Anti-inflammatory and anti-periductal fibrosis effects of an anthocyanin complex in Opisthorchis viverrini-infected hamsters.

The pharmacological activities of herbal extracts can be enhanced by complex formation. In this study, we manipulated cyanidin and delphinidin-rich extracts to form an anthocyanin complex (AC) with turmeric and evaluated activity against inflammation and periductal fibrosis in Opisthorchis viverrini-infected hamsters. The AC was prepared from anthocyanins extracted from cobs of purple waxy corn (70%), petals of blue butterfly pea (20%) and turmeric extract (10%), resulting in an enhanced free-radical scavenging capacity. Oral administration of AC (175 and 700 mg/kg body weight) every day for 1 month to O. viverrini-infected hamsters resulted in reduced inflammatory cells and periductal fibrosis. Fourier transform infrared spectroscopy and partial least square discriminant analysis suggested nucleic acid changes in the O. viverrini-infected liver samples, which were partially prevented by the AC treatment. AC reduced 8-oxodG formation, an oxidative DNA damage marker, significantly decreased levels of nitrite in the plasma and alanine aminotransferase activity and increased the ferric reducing ability of plasma. AC also decreased the expression of oxidant-related genes (NF-κB and iNOS) and increased the expression of antioxidant-related genes (CAT, SOD, and GPx). Thus, AC increases free-radical scavenging capacity, decreases inflammation, suppresses oxidative/nitrative stress, and reduces liver injury and periductal fibrosis in O. viverrini-infected hamsters.

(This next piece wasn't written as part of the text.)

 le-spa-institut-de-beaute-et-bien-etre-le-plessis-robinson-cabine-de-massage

Melatonin inhibits cholangiocarcinoma and reduces liver injury in Opisthorchis viverrini-infected and N-nitrosodimethylamine-treated hamsters.

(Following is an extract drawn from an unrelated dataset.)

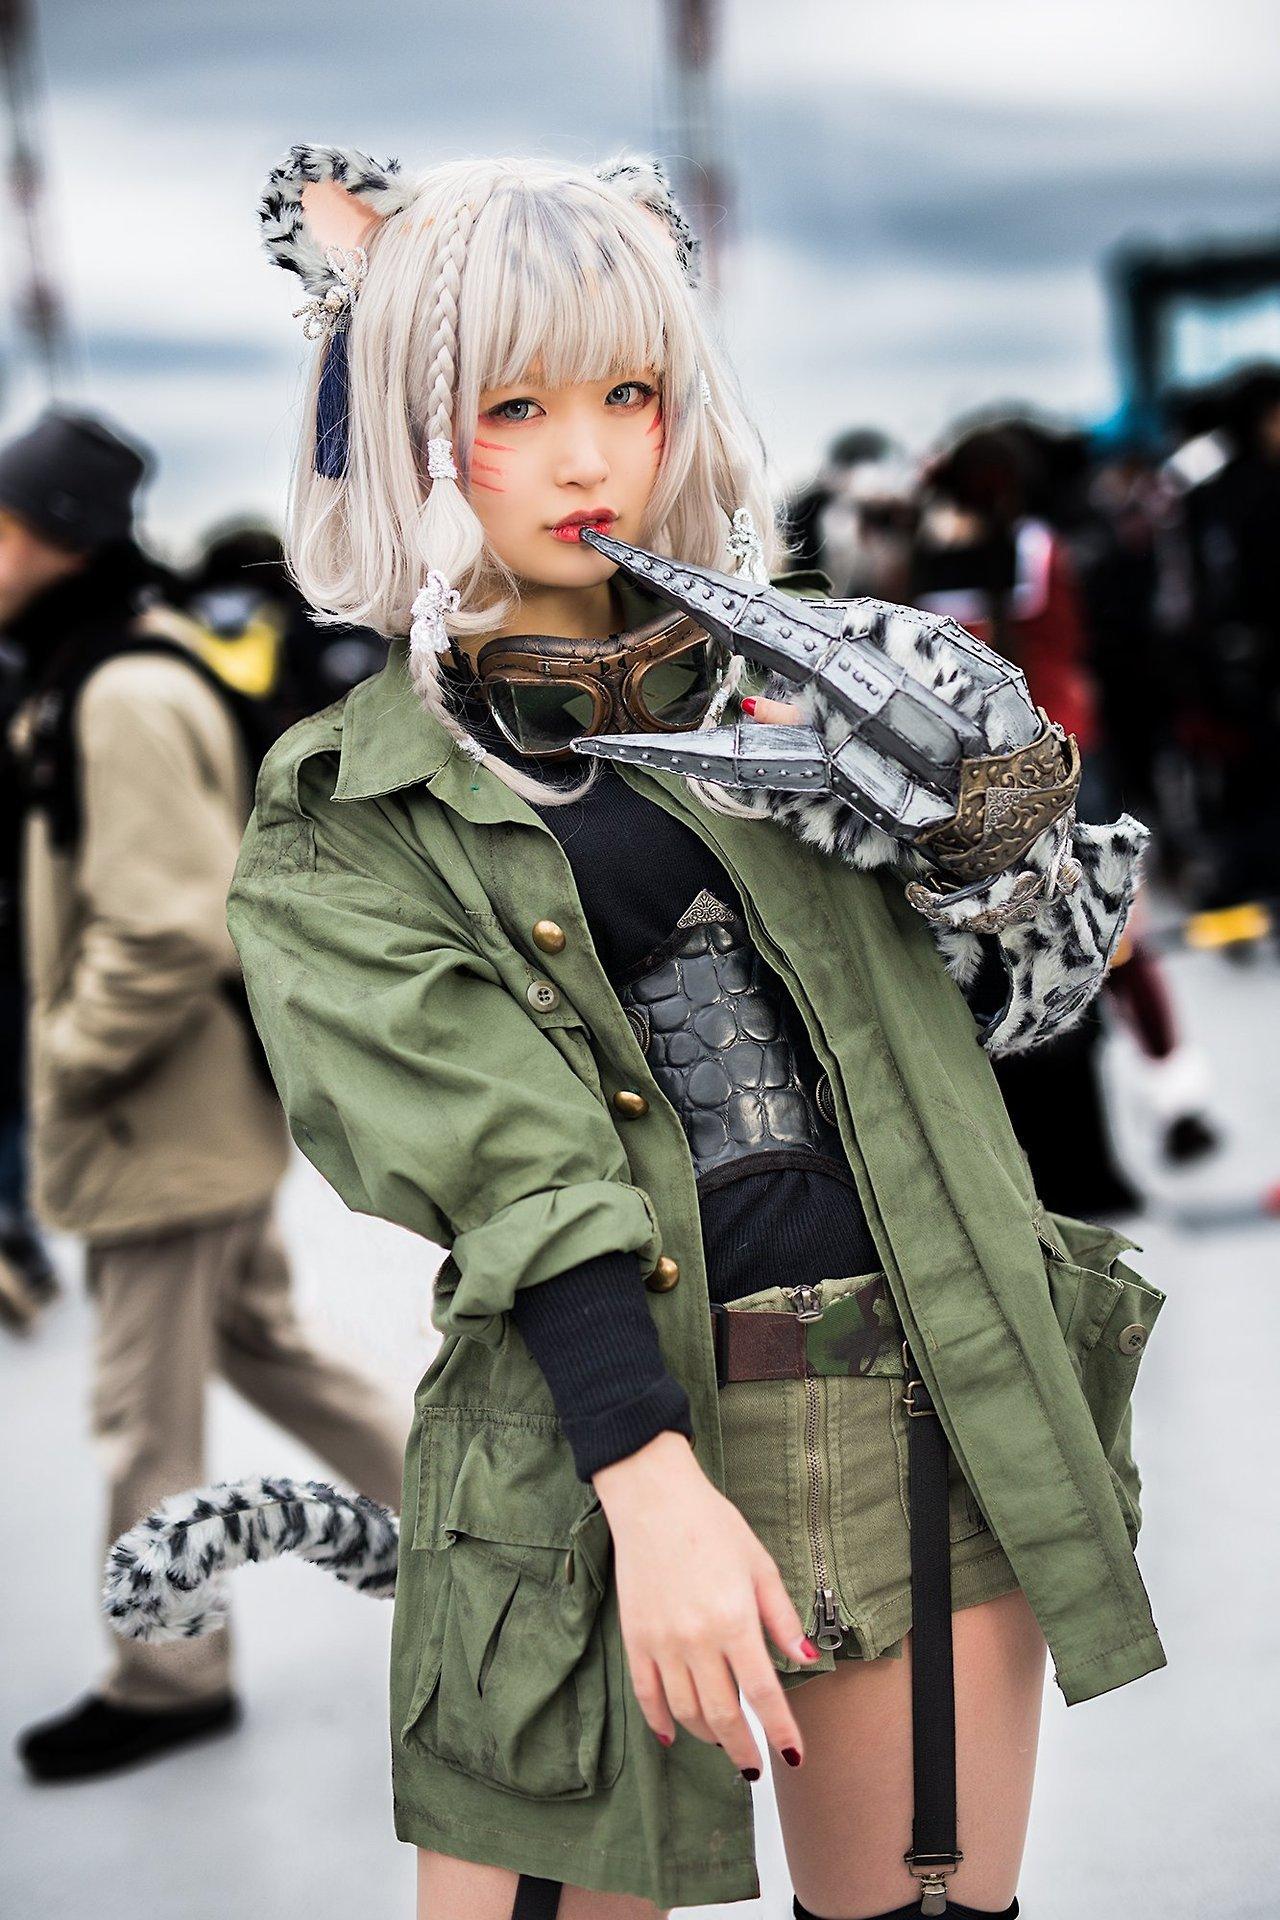 【漫展现场】那些令人称赞的cosplay福利

The human liver fluke Opisthorchis viverrini infection and N-nitrosodimethylamine (NDMA) administration induce cholangiocarcinoma (CCA) and liver injury in hamsters. Melatonin protects against liver injury and reduces the alteration of mitochondrial structure, mitochondrial membrane potential, and mitochondrial pro- and anti-apoptotic pathways in various cancer types. To investigate the chemopreventive effect of melatonin on CCA genesis and liver injury, hamsters were treated with a combination of O. viverrini infection and NDMA concurrently administered with melatonin (10 mg/kg and 50 mg/kg) for 120 days. Melatonin treatment at 50 mg/kg caused a significant reduction in liver/body weight ratios and decreased tumor volumes leading to an increase in the survival of animals. In the tumorous tissues, the high-dose melatonin reduced DNA fragmentation and mitochondrial apoptosis by inducing anti-apoptotic protein (Bcl-2) in the mitochondrial fraction and down-regulating cytochrome c, pro-apoptotic protein (Bax), and caspase-3 in tumor cytosol. Moreover, a high-dose melatonin treatment significantly increased mitochondrial antioxidant enzymes and prevented mitochondrial ultrastructure changes in the tumor. Overall, melatonin has potent chemopreventive effects in inhibiting CCA genesis and also reduces liver injury in hamster CCA, which, in part, might involve in the suppression of CCA by reducing tumor mitochondria alteration.